En 2024, l’exploitation des données à caractère personnel à des fins de campagne électorale concerne chaque candidat et citoyen. Depuis l’entrée en vigueur du Règlement général sur la protection des données (RGPD) en 2018, il appartient à chacun de respecter certains principes pour traiter ces informations de manière adéquate.

En cette année d’élection, l’Autorité de protection des données (« APD » ci-après) a publié une note sur les bonnes pratiques à observer à l’approche des élections.

Dans cet article, nous souhaitons souligner quelques points importants.

Communication électorale et protection des données

Dans toute démocratie, les partis politiques doivent pouvoir informer les citoyens de leurs programmes pour que ces derniers puissent faire des choix éclairés lors des élections. Cela se fait via des canaux de communication « traditionnels »,  comme des courriers postaux, mais de plus en plus, les outils numériques sont utilisés pour diffuser des messages ciblés aux électeurs.

Principes fondamentaux à respecter

1.      Respect des finalités pour lesquelles les données sont collectées

Les données à caractère personnel utilisées pour des campagnes électorales doivent avoir été collectées dans ce but précis. Il n’est pas autorisé d’utiliser des données collectées dans un autre domaine et les utiliser à des fins de propagande.

Exemple : Un bourgmestre a été sanctionné pour avoir utilisé les adresses e-mail obtenues dans le cadre du service d’’urbanisme afin d’envoyer des communications électorales. Cette réutilisation des données à d’autres fins que celles pour lesquelles elles avaient été initialement collectées était contraire au principe de finalité du RGPD. Il a été condamné à une amende de 2 000 euros (Décision quant au fond n° 04/2019).

2.      Consentement lors des communications électroniques

Les partis politiques et les candidats peuvent joindre les citoyens par courriers postaux lorsque les données des citoyens proviennent de la liste des électeurs fournie par l’administration communale. 

Cependant, l’envoi de communications électroniques (e-mails, SMS) nécessite toujours le consentement explicite de la personne concernée. Ce consentement devient indispensable dès qu’il s’agit de canaux numériques.

Exemple : Un échevin s’est vu infliger une amende de 5 000 euros pour avoir utilisé les coordonnées de ses clients privés dans le cadre de sa campagne électorale. L’Autorité de Protection des Données a jugé que cela violait les principes du RGPD, car ces informations avaient été obtenues dans un contexte commercial, et non électoral (Décision quant au fond n°11/2019).

3.      Sous-traitance

Les partis politiques font souvent appel à des sous-traitants pour gérer les aspects techniques de leurs campagnes, comme l’envoi de courriers.

Une convention de sous-traitance doit être rédigée avec chaque sous-traitant afin de s’assurer qu’ils respectent les règles fixées par le RGPD .

Responsabilités des communes et des candidats politiques

Les communes

En Wallonie, les communes ont l’obligation légale de fournir les listes d’électeurs aux partis politiques et aux candidats.
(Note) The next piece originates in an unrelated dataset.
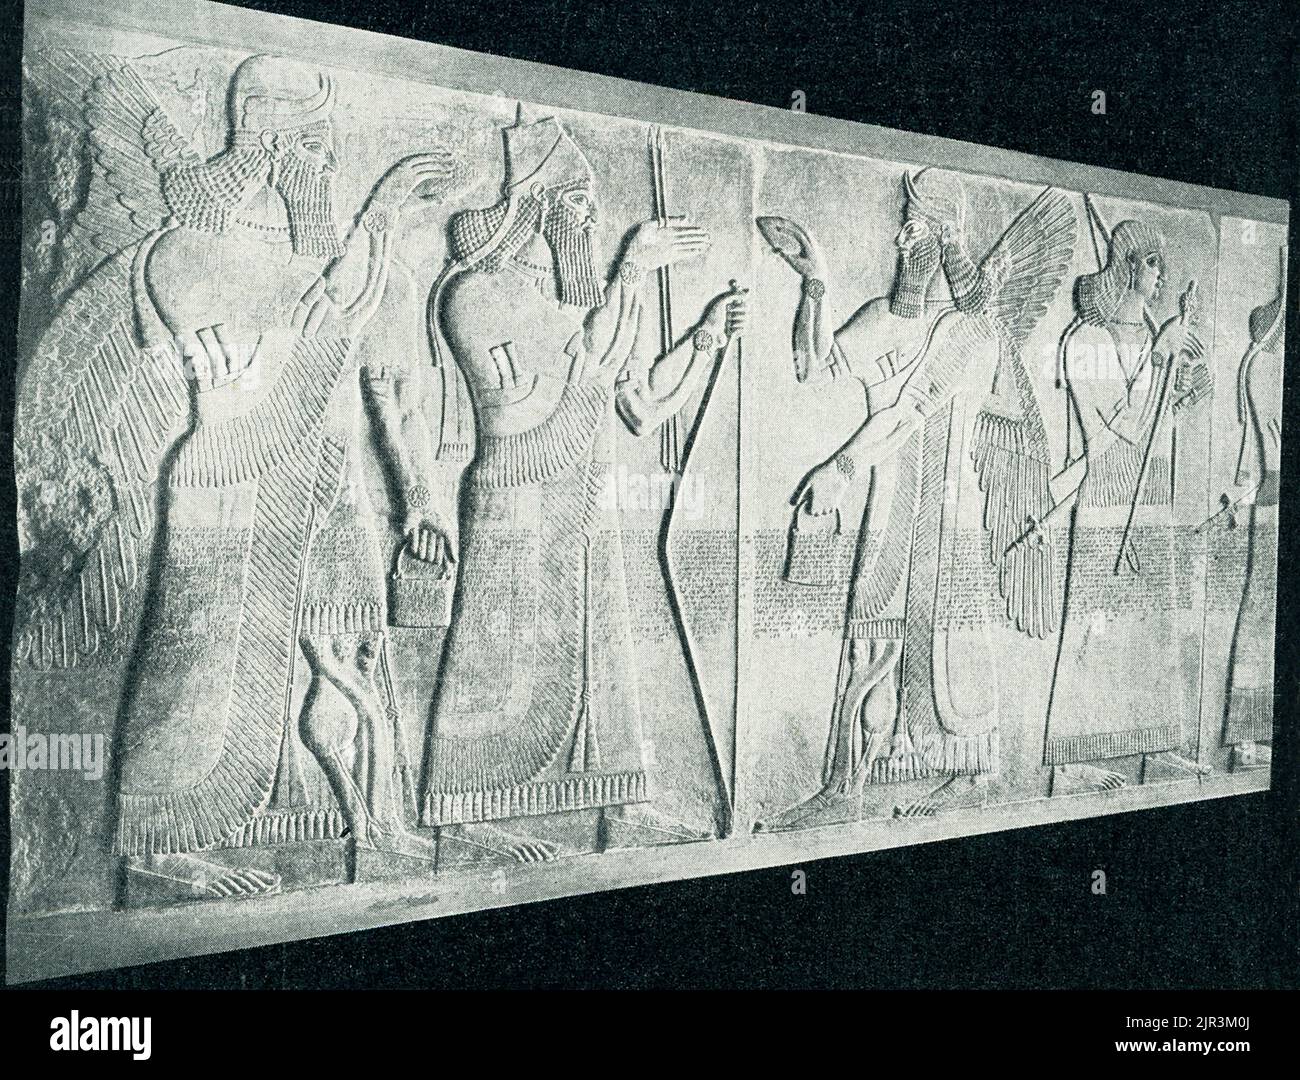 El título de 1910 dice: 'Rey asirio entre genie - en el Museo Real de Berlín. La mítica figura guardiana asiria, llamada Genius, lleva un casco de dos cuernos y un vestido con flecos y lleva una daga de doble mango, todos los atributos de su naturaleza divina. Sus manos se mueven protectivamente hacia un árbol en flor, apenas visible en el borde derecho de la escultura. Este relieve, una vez pintado de forma brillante, es un fragmento del palacio del noroeste construido por el rey asirio Ashirnasirpal II (883-859 AEC) en su capital, Kalhu, ahora la ciudad iraquí de Nimrud. Docenas de enormes losas de piedra talladas con Foto de stock
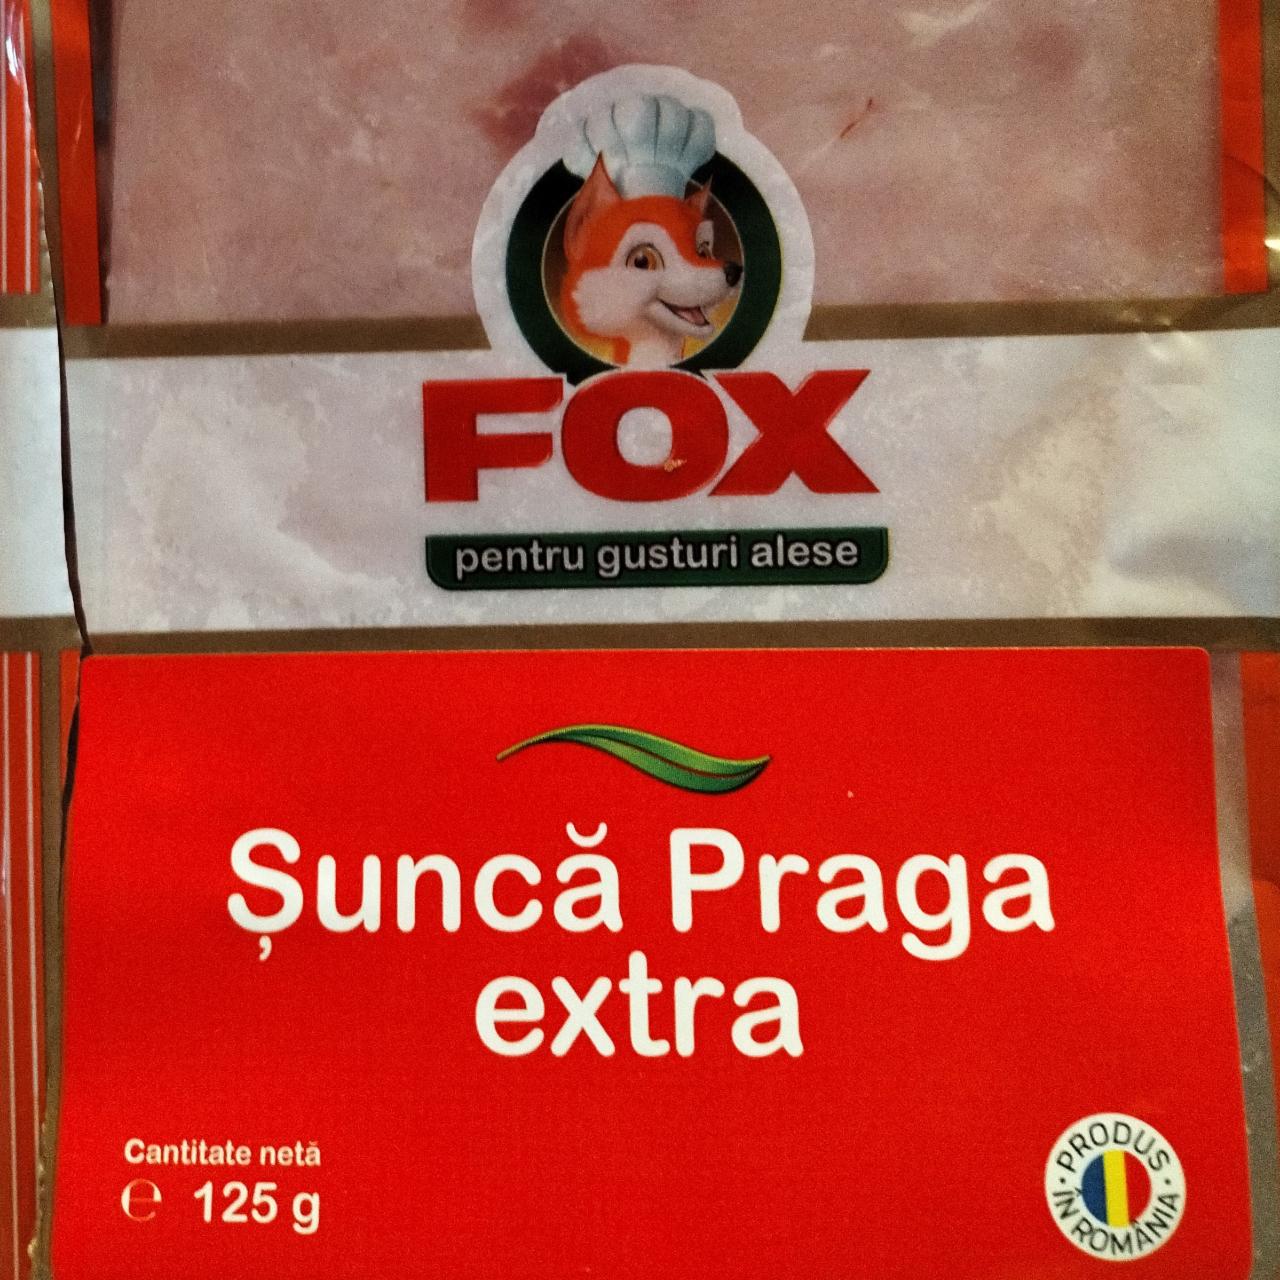 Képek - Prágai sonka extra Fox

Cette tâche doit se faire dans le cadre de la législation électorale, notamment le Code wallon de la démocratie locale et de la décentralisation. Les données transmises aux partis ne peuvent être utilisées que pour la campagne électorale et dans le respect des règles en vigueur.

Les citoyens ont également la possibilité de faire valoir leur droit d’opposition. En vertu du RGPD, toute personne peut refuser que ses données figurent sur les listes utilisées pour la propagande électorale. Le citoyen doit alors en faire la demande auprès de la commune, qui annotera les listes d’électeurs afin d’exclure la personne concernée des envois de communication électorale.

Dès lors, un citoyen ayant exercé son droit d’opposition auprès de sa commune ne pourra plus recevoir de courriers personnalisés de la part des candidats politiques. Les listes d’électeurs devront être modifiées en conséquence pour respecter ce choix.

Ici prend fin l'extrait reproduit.